*WORK INSTRUCTION*
Repeat only the lines below from the one containing "DIY: Easy Sugar Scrub" through the one containing "Andreessen Horowitz залучила", inclusive, exactly as written.

*RECORDS SHOWN*
((
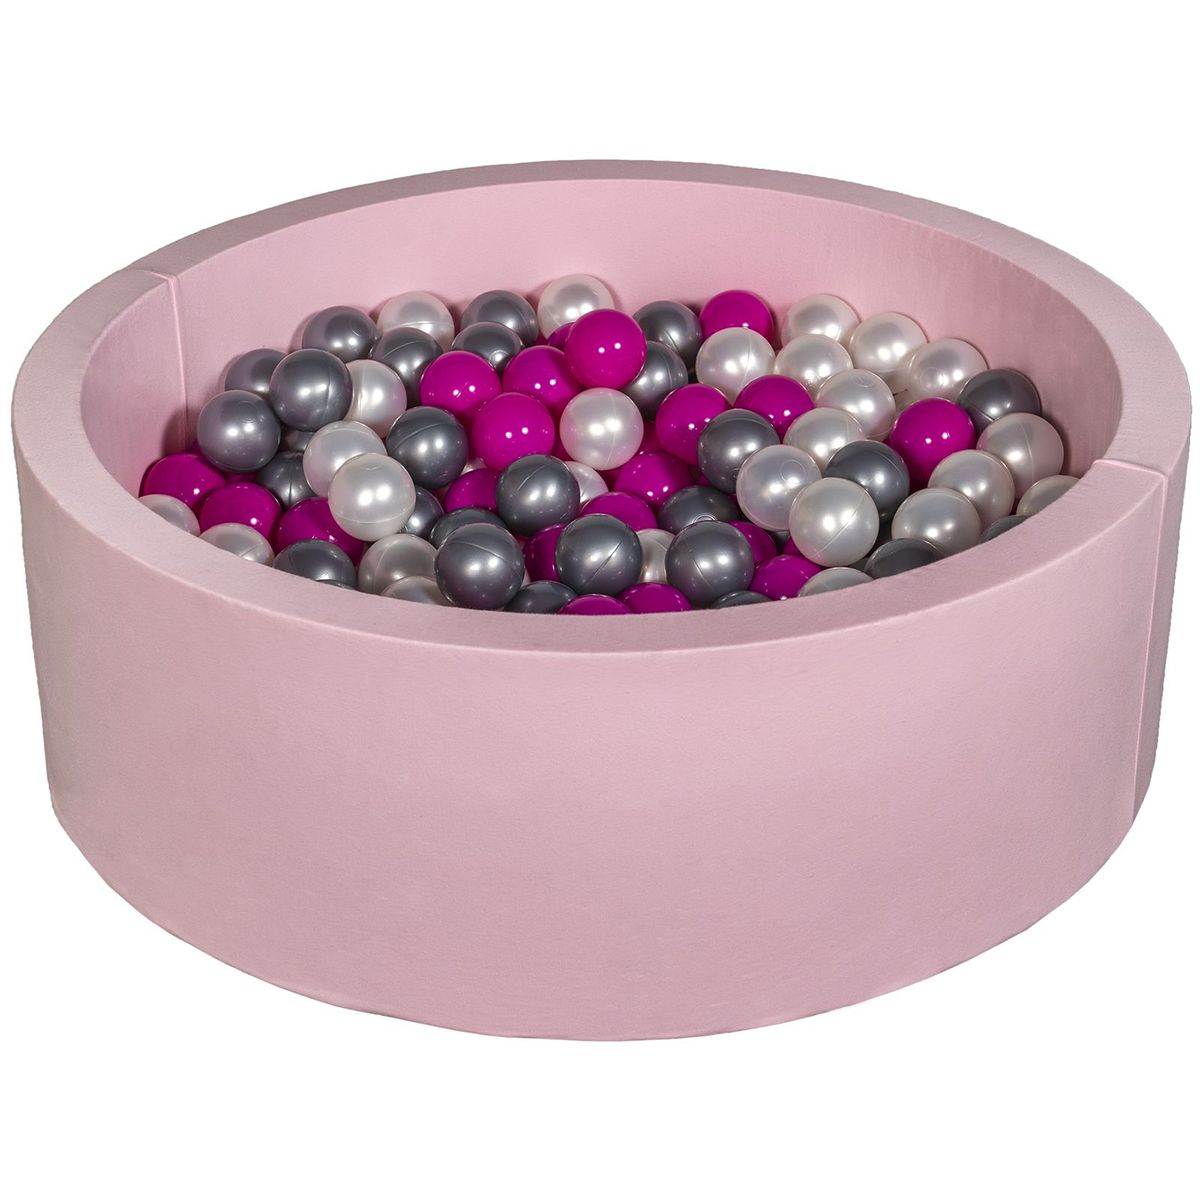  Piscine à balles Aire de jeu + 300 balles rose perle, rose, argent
))
((
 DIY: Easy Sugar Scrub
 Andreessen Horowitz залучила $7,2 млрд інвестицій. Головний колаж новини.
))
*ANSWER SECTION*
 DIY: Easy Sugar Scrub
 Andreessen Horowitz залучила $7,2 млрд інвестицій. Головний колаж новини.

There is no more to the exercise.